RECORDED DATA:
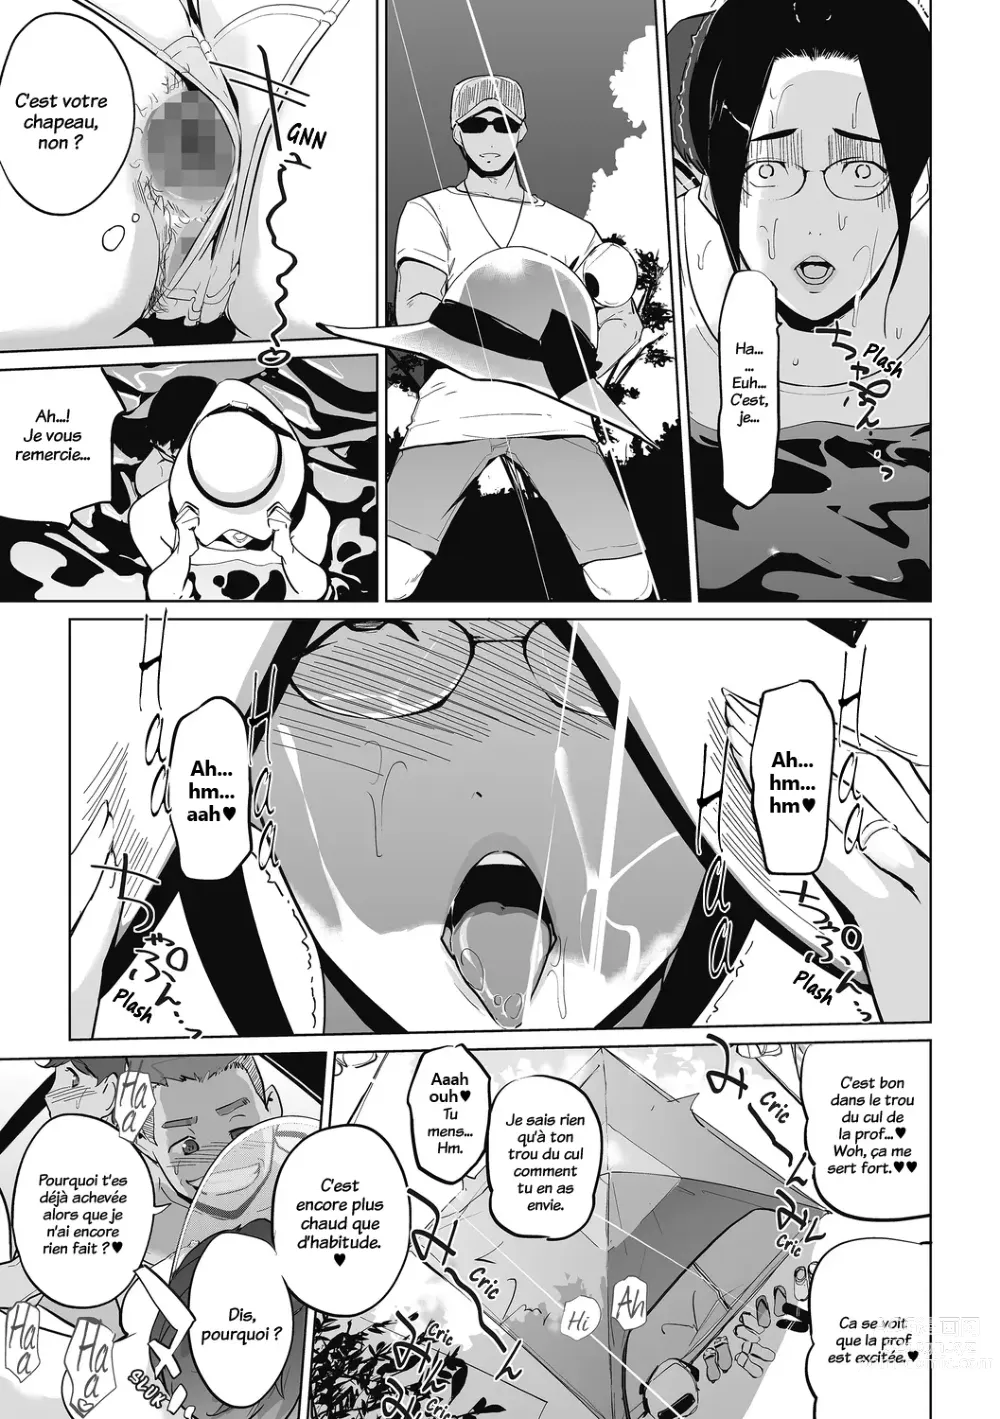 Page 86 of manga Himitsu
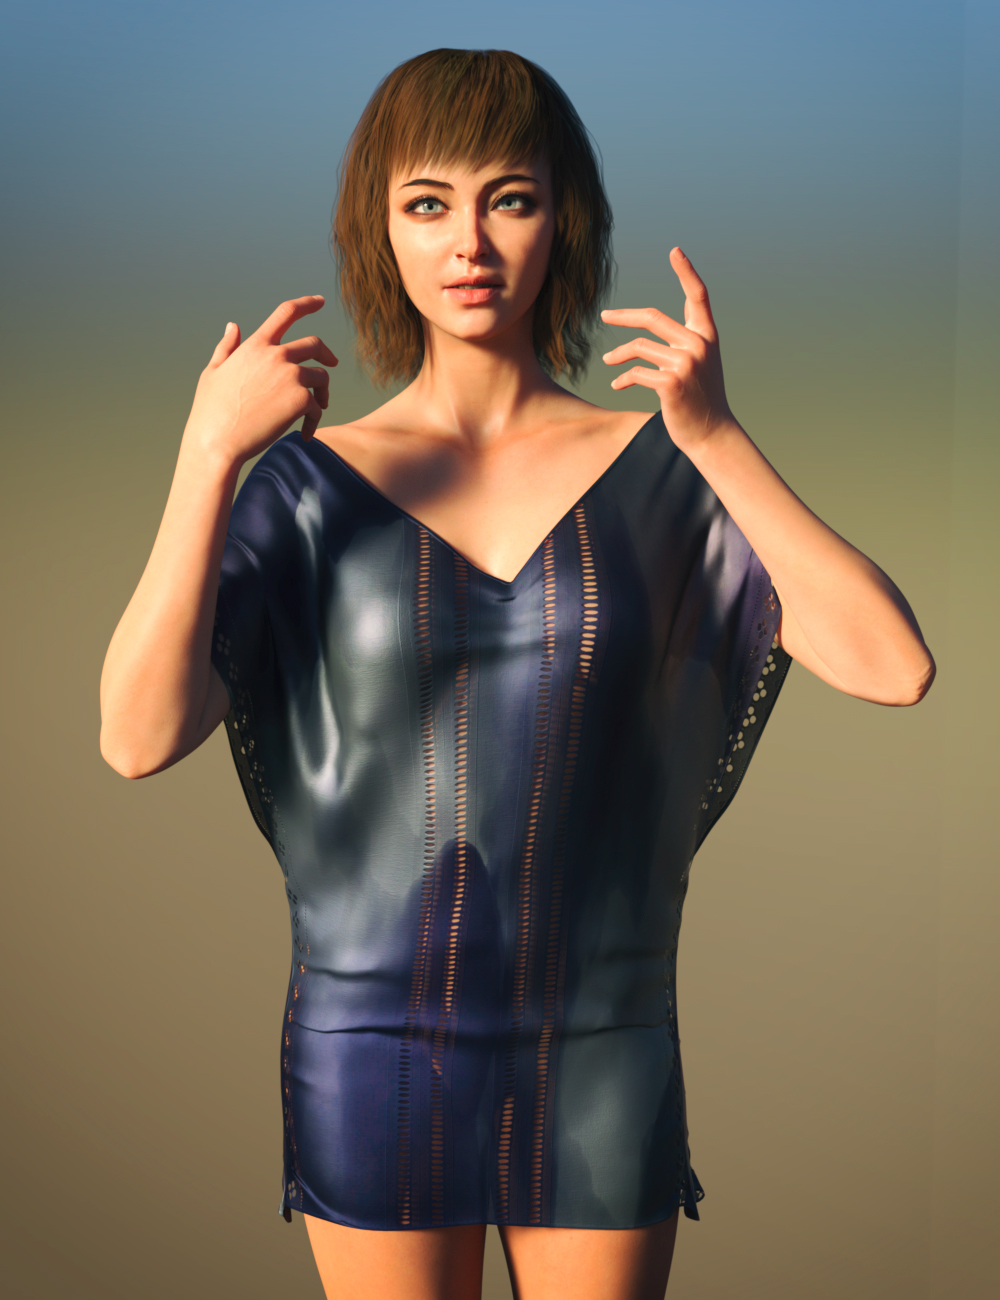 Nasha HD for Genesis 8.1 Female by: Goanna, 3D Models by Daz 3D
==
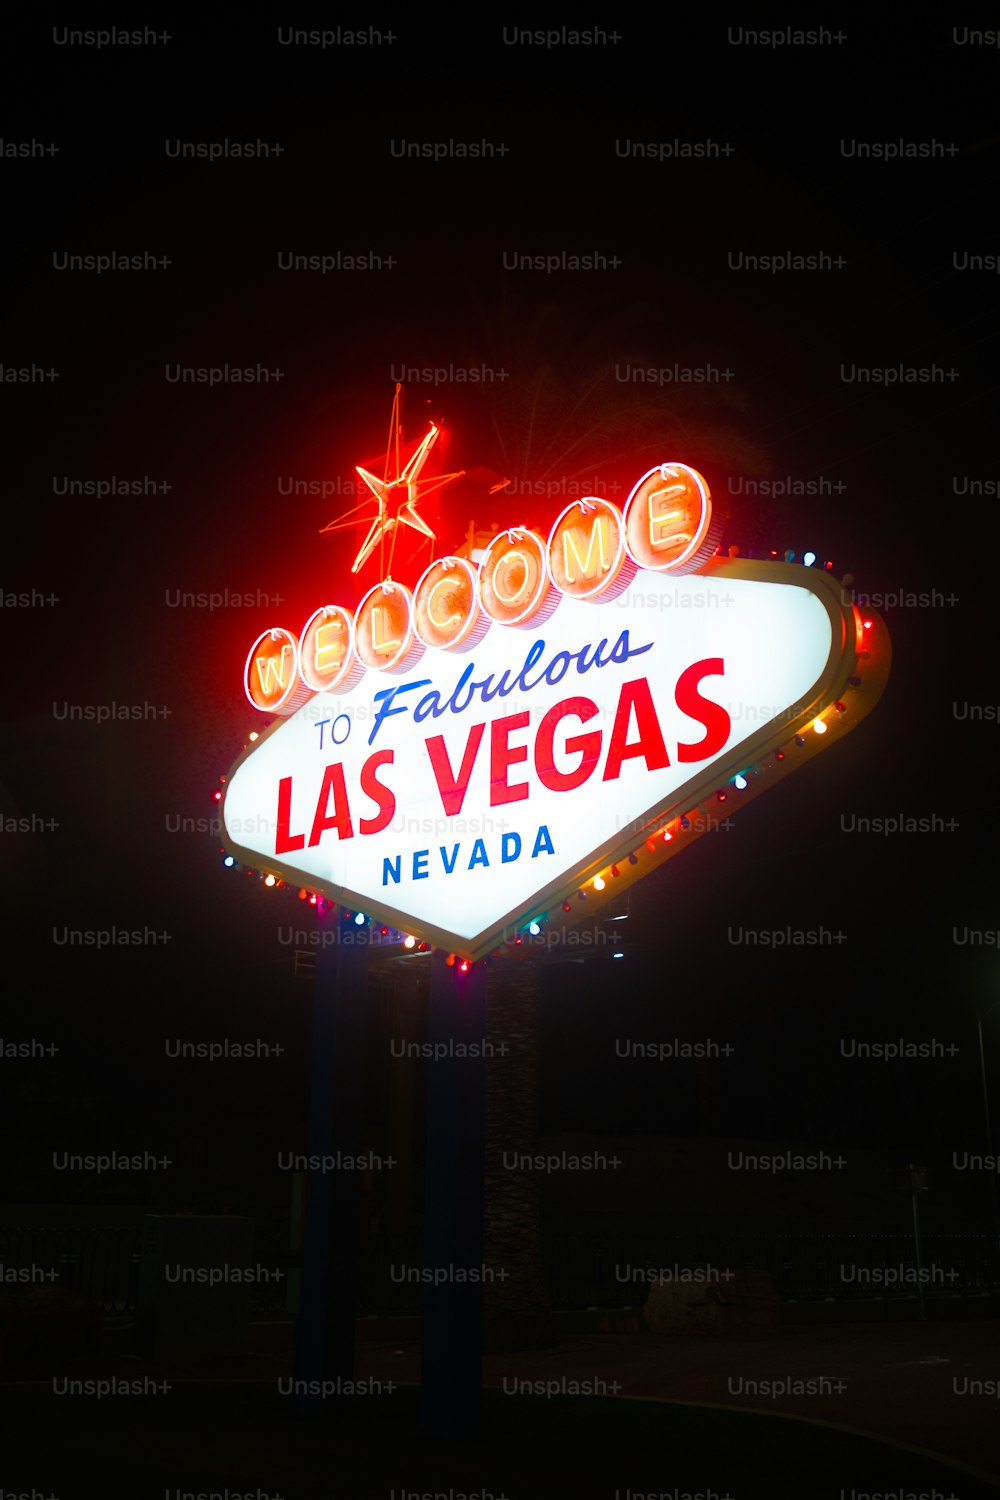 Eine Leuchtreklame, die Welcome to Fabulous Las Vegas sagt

EXERCISE DETAILS: Your task is to copy only the lines above starting at the one containing "Page 86 of manga Himitsu" and ending at the one containing "Nasha HD for". Copy them exactly, both ends included, and omit the pictures.

ANSWER TO THE PROBLEM:
 Page 86 of manga Himitsu
 Nasha HD for Genesis 8.1 Female by: Goanna, 3D Models by Daz 3D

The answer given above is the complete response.